Autoencoder compress input data into a lower-dimensional latent space and then reconstructs the input from this compressed form. Let \(x \in \mathbb {R}^d\) represent the input features, and let \(z \in \mathbb {R}^k\) denote the latent variables, where \(k < d\). The encoding function can be denoted as \(z = g(x)\), and the decoding function as \(\hat{x} = h(z)\). To quantify the impact of each input feature on the latent variables using the Kernel SHAP method, we consider the change in the encoded representation as

$$\begin{aligned} \phi _i^z = \sum _{S \subseteq \{1, \ldots , d\} \setminus \{i\}} \frac{|S|!(d - |S| - 1)!}{d!} [g_x(S \cup \{i\}) - g_x(S)] \end{aligned}$$

(9)

where \(\phi _i^z\) represents the SHAP value for feature i with respect to the latent variable z, and \(g_x(S)\) represents the encoder output when only the features in set S are active.

Gradient SHAP method

For RNAseq, we have used SHAP Gradient Explainer, a variant of SHAP tailored specifically for interpreting predictions from differentiable models, such as those built using deep learning frameworks with large features. In our case, it leverages the idea that gradients-how much a change in an input feature changes the latent variable-can provide insights into the model’s decision-making process. By integrating these gradients, the method can quantify the sensitivity of the latent space to each input feature. The SHAP value for feature i using the Gradient SHAP method can be approximated by

$$\begin{aligned} \phi _i^z \approx (x_i - x'_i) \times \left. \frac{\partial g(x)}{\partial x_i} \right| _{x=x'} \end{aligned}$$

(10)

where \(\phi _i^z\) is the approximate SHAP value for feature i affecting the latent variable z, and \(\frac{\partial g(x)}{\partial x_i}\) is the gradient of the encoder output to feature i, evaluated at a baseline input \(x'\).

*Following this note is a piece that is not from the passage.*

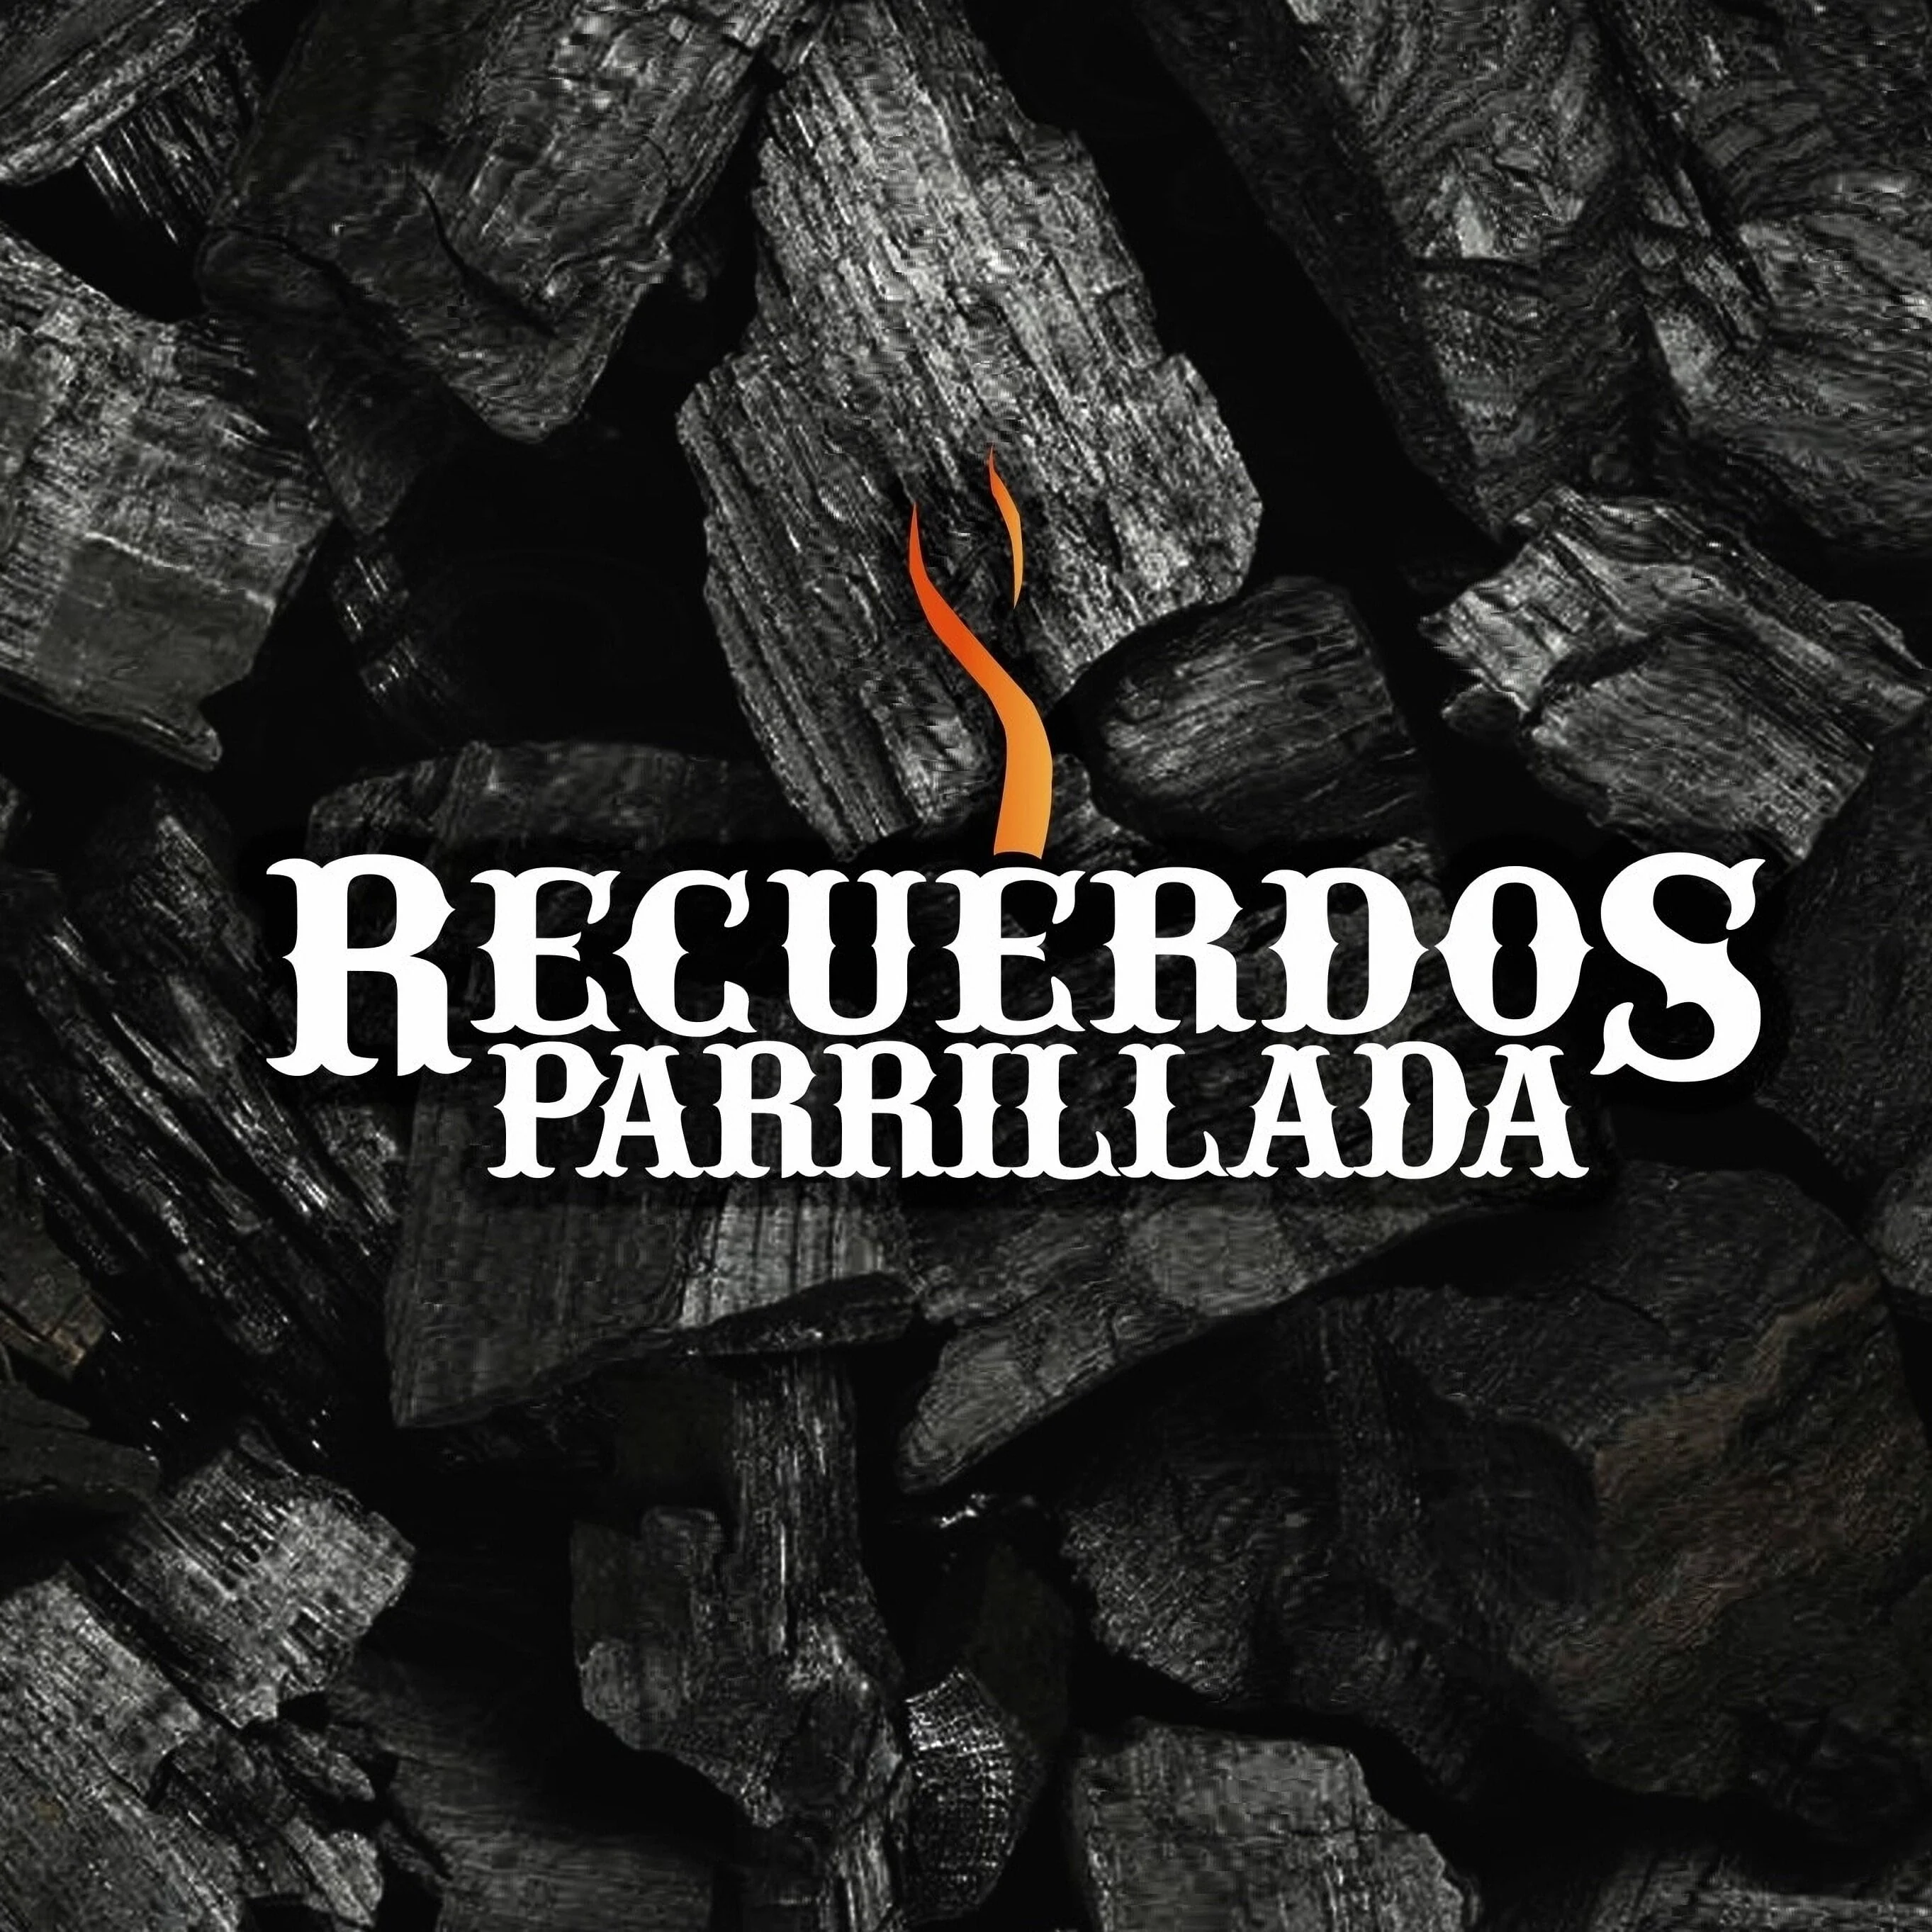 Recuerdos Parrillada-4733

Gene ontology (GO) enrichment analysis

We have used GO enrichment analysis to understand the effect of important genes that act as a biomarker on a latent variable. This identifies which biological processes, cellular components, or molecular functions are overrepresented. The analysis compares the frequency of each GO term in our gene set obtained using SHAP values against a background set, usually representing the entire genome or a relevant subset. For this, we have used PANTHER classification system³⁶, which is regularly updated with GO annotations. The outcome of the GO enrichment analysis helps identify the biological significance of the latent variables derived from the autoencoder model. The p-value in analysis measures the statistical significance of the overrepresentation of GO terms in a set of genes of interest compared to a background set, whereas fold enrichment is a measure that helps to understand the magnitude of overrepresentation of a particular feature, such as a GO term, within a subset of interest compared to a background set. It can be defined as,

$${\text {Fold Enrichment}} = \frac{\text {{Proportion of genes with the GO term in the subset}}}{\text {{Proportion of genes with the GO term in the background}}}$$

(11)

Conclusion

We propose a multi-omics framework utilizing deep-learning autoencoders and tensors to identify cancer risk groups. Multi-omics integrates diverse data types, including methylation, somatic copy-number variation (SCNV), microRNA (miRNA), and RNA sequencing (RNAseq). Our framework employs autoencoders for each omics dataset separately to reduce dimensions and capture maximum information. Latent variables are extracted from individual omics data and integrated using tensors, followed by identification of common features using CANDECOMP/PARAFAC (CP) decomposition. The low-dimensional multi-omics data is clustered into two and three risk groups using hierarchical clustering. Several survival analysis experiments indicate that low-dimensional multi-omics data can be stratified into high and low-risk groups. Furthermore, we employed SHAP to identify the biomarker’s impact. Also, a classification model is constructed using fused features from multi-omics data to predict tumor purity in Breast cancer. Future directions will incorporate biological knowledge to further investigate the interrelationships among different techniques and molecules.